Question

Two balls of equal masses are thrown upwards along the same vertical direction at an interval of $2\, s$, with the same initial velocity of $39.2 \,m/s$. The two balls will collide at a height of

• A. 39.2 m
• B. 73.5 m
• C. 78.4 m
• D. 117.6 m

Answer 1

The Correct Option is D

The scenario is depicted in the diagram below.
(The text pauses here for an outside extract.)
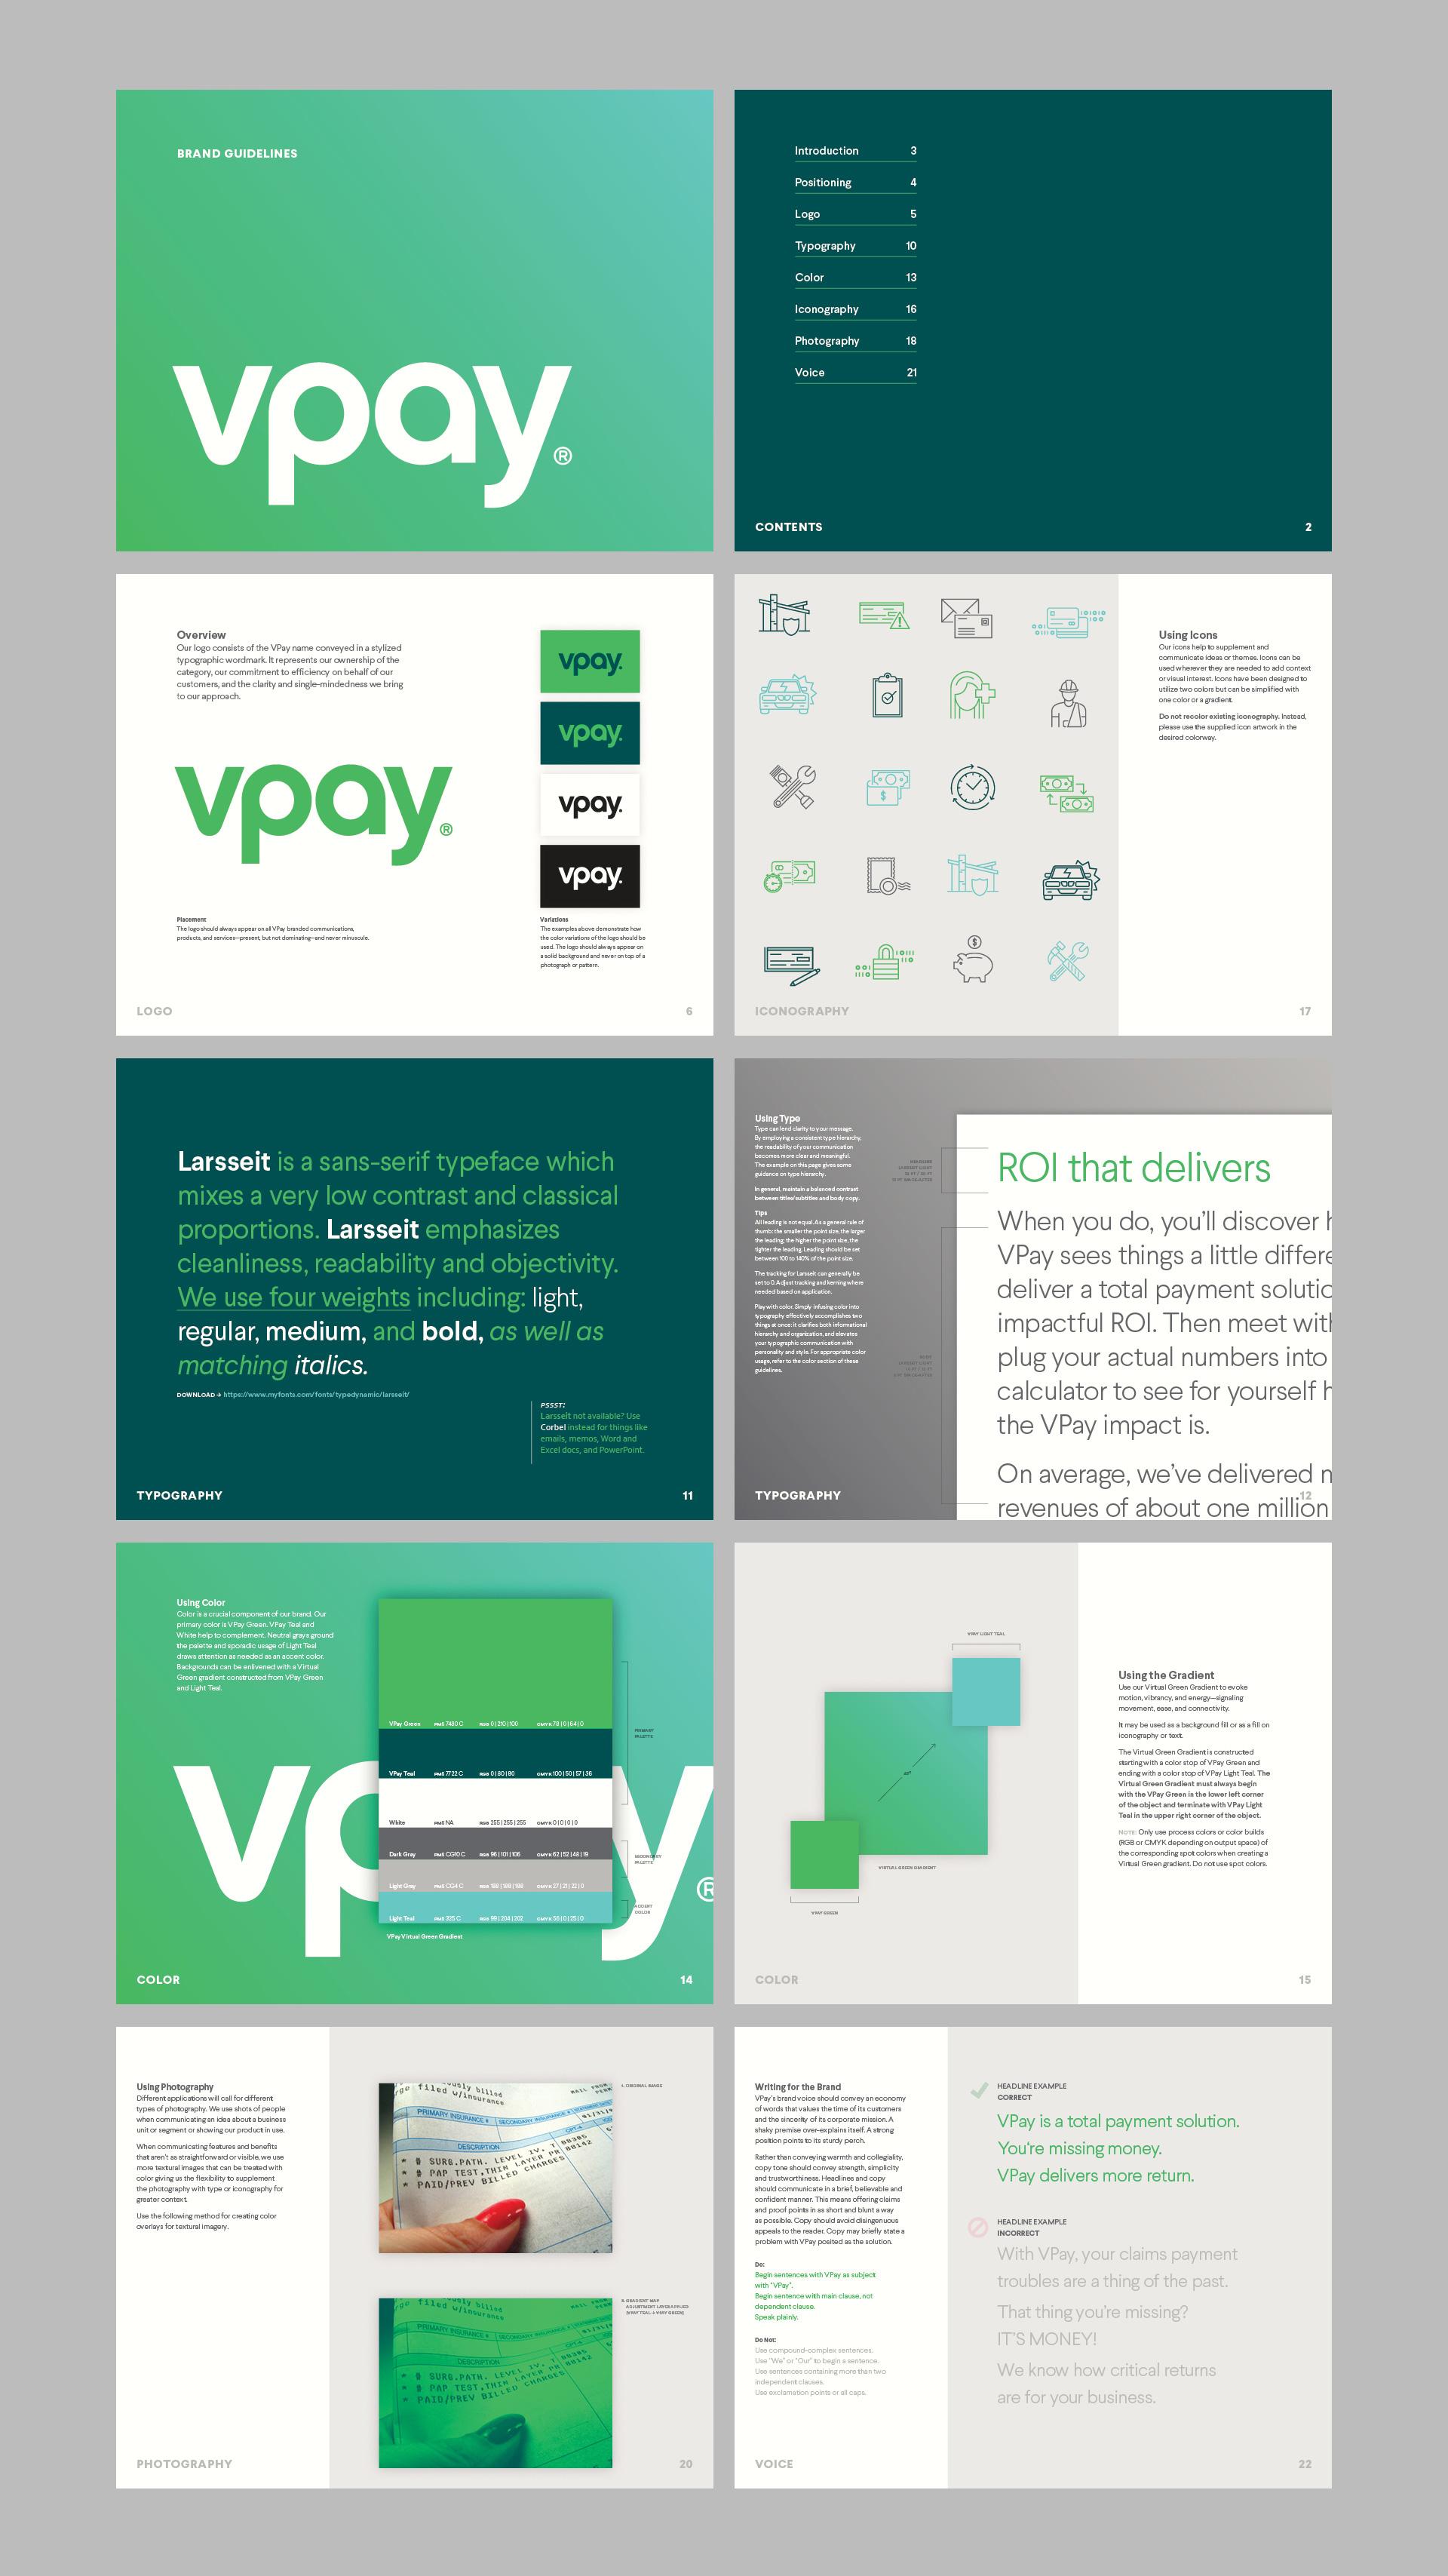 VPay_Case_Study_Guidelines_1920.jpg

 A is the starting position for both balls in this figure. B represents the highest point that the initial ball might reach, and C represents the point of impact.
 Given in the problem,\(u=39.2 \,ms^{-1}\)
Time till the 1st ball collides with the 2nd ball (t₁)=t sec
Time till the 2nd ball collides with the 1st ball (t₂)=(t₁−2) sec
Assume the two balls collide t seconds later, with the height of the point of collusion (point) from the ground equal to x. 
We obtain by applying the second equation of motion to the first ball 
⇒ \(s=ut+\frac{at^2}{2}\)
⇒ \(x=39.2\times t_1+\frac{1}{2}gt_1^{2}\) (In this case, gravity is the only external force acting on the ball.)
⇒ \(x= 39.2t_1+\frac{gt_1^2}{2}\) …………. (Equation 1)
We obtain by applying the second equation of motion to the second ball 
\(S=ut-\frac{1}{2}at^2\) 
⇒ \(x=39.2\times t_2-\frac{1}{2}gt_2^{2}\)
⇒ x = \(x=39.2 t_2-\frac{1}{2}gt_2^{2}\) 
⇒\(x=39.2\times (t_1-2)-\frac{1}{2}g(t_1-2)^{2}\)……….. (Equation 2) 
We obtain by substituting the value of x from equation 1 into equation 2. 
\(39.2 t_1-\frac{1}{2}gt_1^{2}=39.2\times (t_1-2)-\frac{1}{2}g(t_1-2)^{2}\)
⇒ \(39.2 t_1-\frac{1}{2}gt_1^{2}=\) \(39.2t_1-78.4-\frac{1}{2}gt_1^2-2g+2gt_1\) 
⇒ \(2g(t_1-1)=78.4\)
⇒ \(2\times9.8(t_1-1)=78.4\)
⇒ \(t_1-1 = 4\) 
⇒ \(t_1 =5 \,sec\)
Now, for calculating the distance of the point of collision from the ground (x) , we simply use the equation of speed for the second ball, i.e.
 Speed=\(\frac{x}{t_2}\) 
⇒ \(v=\frac{x}{t_1-2}\)
⇒ \(39.2=\frac{x}{3}\) 
⇒ x=117.6m
 Hence, option D is the correct option.